Mel Gibson was so young, barely recognizable, but a stud. He fills the screen like few actors can. I’ve long forgiven him for his bout with anger and letting true things slip, and hope he is busy making movies.
We took a boat trip yesterday, the Chicago Architectrual Tour. I expected it to be interesting, and was not disappointed. I am at a loss for words to describe the genius, ingenuity and “imagine-it-so-make-it-so” engineering ability of our fellow humans.
At the same time, surrounded by such genius, I wonder why the same people are so easily fooled by false flag events and political lies, large and small. Things we know to be physically impossible are believed with credulous blank stares. Lame explanations by authority figures are not just swallowed whole, but with great enthusiasm.
Part of it is faith. We are raised from the cradle to believe in our government and institutions. The notion that they would so boldly lie to us is impossible to accept. Doubt requires setting aside a life of fables. The implications of doing that are too severe to contemplate.
Another part was voiced by Alexis de Tocqueville in the 1830s:
It is extremely difficult to obtain a hearing from men living in democracies, unless it be to speak to them of themselves. They do not attend to the things said to them, because they are always fully engrossed with the things they are doing. For indeed few men are idle in democratic nations; life is passed in the midst of noise and excitement, and men are so engaged in acting that little remains to them for thinking. I would especially remark that they are not only employed, but that they are passionately devoted to their employments. They are always in action, and each of their actions absorbs their faculties: the zeal which they display in business puts out the enthusiasm they might otherwise entertain for idea.”

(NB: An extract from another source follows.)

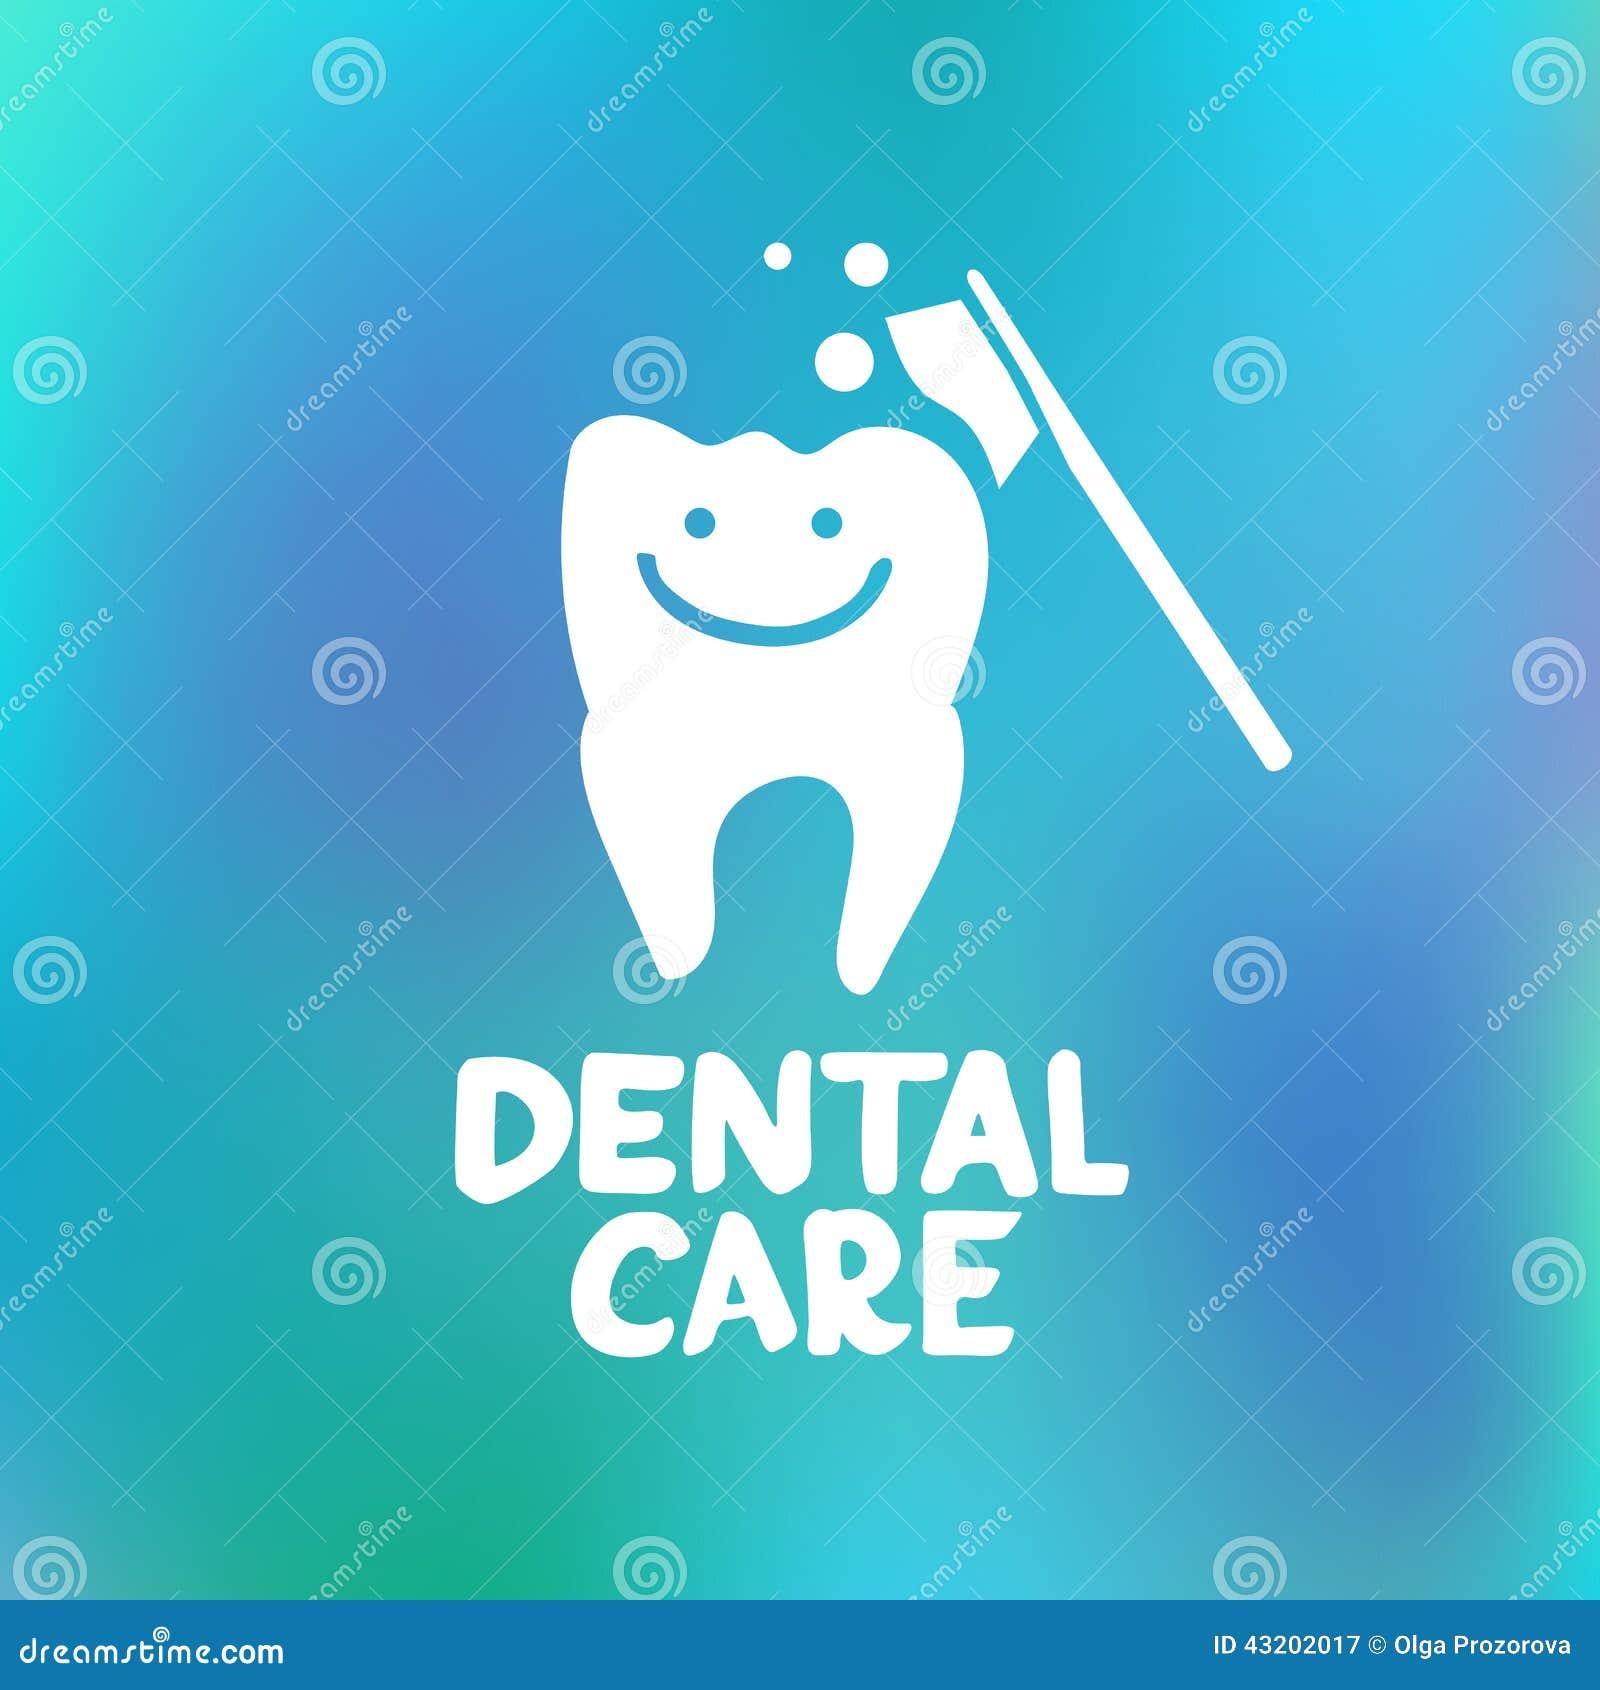 Dental Care Design Concept Stock Vector Image 43202017

Emphasis added, or course. and keep in mind that back then most people were self-employed. Employment by others, having a “boss” in our lives, is now seen as normal but is an even more debilitating experience. We must constantly monitor our thought content to make sure it aligns with those who have power over us.
People are too busy to think here in our fake democracy. They are easily fooled by our overlords. But as seen on the architectural boat tour, there is genius among us and on display all about.
I’ve read quite a few of these. But first, people, please: Shake your heads, get rid of the cobwebs. There’s no “Osama,” he wasn’t killed, there was no library. They just make this shit up. The question is, why?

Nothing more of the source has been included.